I did those patches by adding the first patches and running tcp tests,
so I have splats for every single one of those. I just didn't bother
them into the changelog. I certainly can do so.
> Your changelog explains nothing, and your patch makes absolutely no
> sense to me.
>
> Lets take following example :
>
> struct dst_entry *__sk_dst_check(struct sock *sk, u32 cookie)
> {
> - struct dst_entry *dst = __sk_dst_get(sk);
> + struct dst_entry *dst;
>
> + rcu_read_lock();
> + dst = __sk_dst_get(sk);
> if (dst && dst->obsolete && dst->ops->check(dst, cookie) == NULL) {
> sk_tx_queue_clear(sk);
> RCU_INIT_POINTER(sk->sk_dst_cache, NULL);
> dst_release(dst);
> - return NULL;
> + dst = NULL;
> }
> + rcu_read_unlock();
>
> return dst;
> }
>
>
> Since this function does not take a reference on the dst, how could it
> be safe ?
This is stupid by me, I am sorry, thanks for pointing this out.

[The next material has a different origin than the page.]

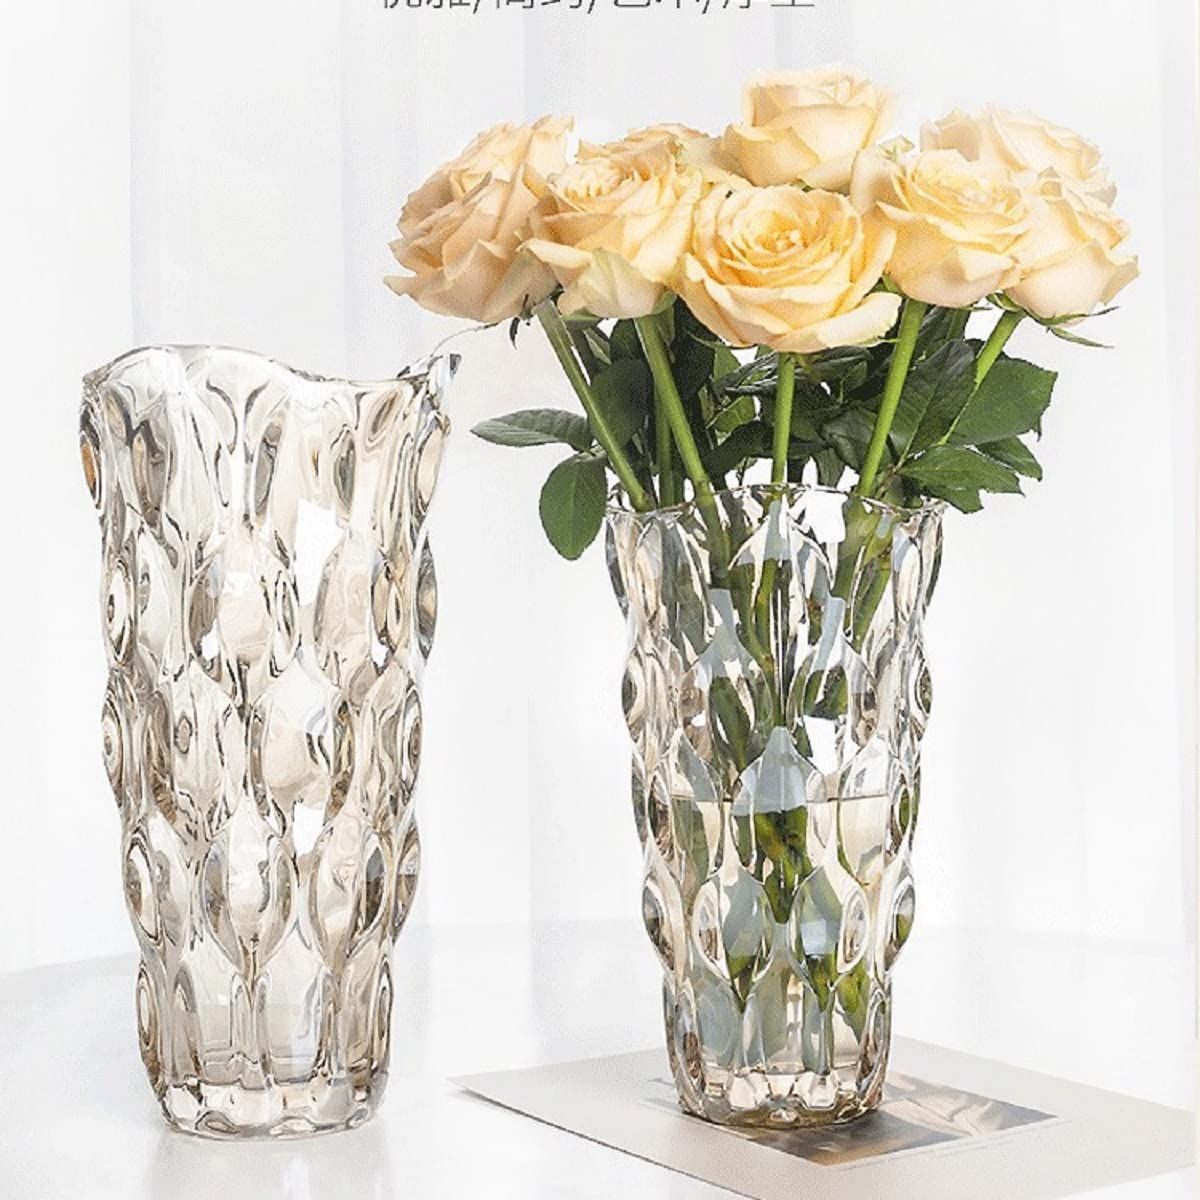 新品 ガラス フラワーベース 透明 花瓶 ガラス おしゃれ 大 花瓶 北欧 花瓶 30cm グラデーション 現代 シンプル 透明 広口 花器 部屋 玄関  リビング インテリア プレゼント (シャンペン色-24cm) - メルカリ

I will
fix this. Just looking too long at all those lockdep reports.
I will find another fix for this.
> As soon as you exit the function, dst would possibly point to something
> obsolete/freed.
>
> This works because the caller owns the socket.
>
> If you believe one path needs to be fixed, tell me which one it is.
>
> Please ?
[ 31.064029] ===============================
[ 31.064030] [ INFO: suspicious RCU usage. ]
[ 31.064032] 4.5.0+ #13 Not tainted
[ 31.064033] -------------------------------
[ 31.064034] include/net/sock.h:1594 suspicious
rcu_dereference_check() usage!
[ 31.064035]
other info that might help us debug this:
[ 31.064041]
rcu_scheduler_active = 1, debug_locks = 1
[ 31.064042] no locks held by ssh/817.
[ 31.064043]
stack backtrace:
[ 31.064045] CPU: 0 PID: 817 Comm: ssh Not tainted 4.5.0+ #13
[ 31.064046] Hardware name: QEMU Standard PC (i440FX + PIIX, 1996),
BIOS 1.8.2-20150714_191134- 04/01/2014
[ 31.064047] 0000000000000286 000000006730b46b ffff8800badf7bd0
ffffffff81442b33
[ 31.064050] ffff8800b8c78000 0000000000000001 ffff8800badf7c00
ffffffff8110ae75
[ 31.064052] ffff880035ea2f00 ffff8800b8e28000 0000000000000003
00000000000004c4
[ 31.064054] Call Trace:
[ 31.064058] [<ffffffff81442b33>] dump_stack+0x85/0xc2
[ 31.064062] [<ffffffff8110ae75>] lockdep_rcu_suspicious+0xc5/0x100
[ 31.064064] [<ffffffff8173bf57>] __sk_dst_check+0x77/0xb0
[ 31.064066] [<ffffffff8182e502>] inet6_sk_rebuild_header+0x52/0x300
[ 31.064068] [<ffffffff813bb61e>] ? selinux_skb_peerlbl_sid+0x5e/0xa0
[ 31.064070] [<ffffffff813bb69e>] ?
selinux_inet_conn_established+0x3e/0x40
[ 31.064072] [<ffffffff817c2bad>] tcp_finish_connect+0x4d/0x270
[ 31.064074] [<ffffffff817c33f7>] tcp_rcv_state_process+0x627/0xe40
[ 31.064076] [<ffffffff81866584>] tcp_v6_do_rcv+0xd4/0x410
[ 31.064078] [<ffffffff8173bc65>] release_sock+0x85/0x1c0
[ 31.064079] [<ffffffff817e9983>] __inet_stream_connect+0x1c3/0x340
[ 31.064081] [<ffffffff8173b089>] ? lock_sock_nested+0x49/0xb0
[ 31.064083] [<ffffffff81100270>] ? abort_exclusive_wait+0xb0/0xb0
[ 31.064084] [<ffffffff817e9b38>] inet_stream_connect+0x38/0x50
[ 31.064086] [<ffffffff8173794f>] SYSC_connect+0xcf/0xf0
[ 31.064088] [<ffffffff8110d069>] ? trace_hardirqs_on_caller+0x129/0x1b0
[ 31.064090] [<ffffffff8100301b>] ? trace_hardirqs_on_thunk+0x1b/0x1d
[ 31.064091] [<ffffffff8173854e>] SyS_connect+0xe/0x10
[ 31.064094] [<ffffffff818a0e7c>] entry_SYSCALL_64_fastpath+0x1f/0xbd
Bye,
Hannes
next prev parent reply other threads:[~2016-04-01 0:21 UTC|newest]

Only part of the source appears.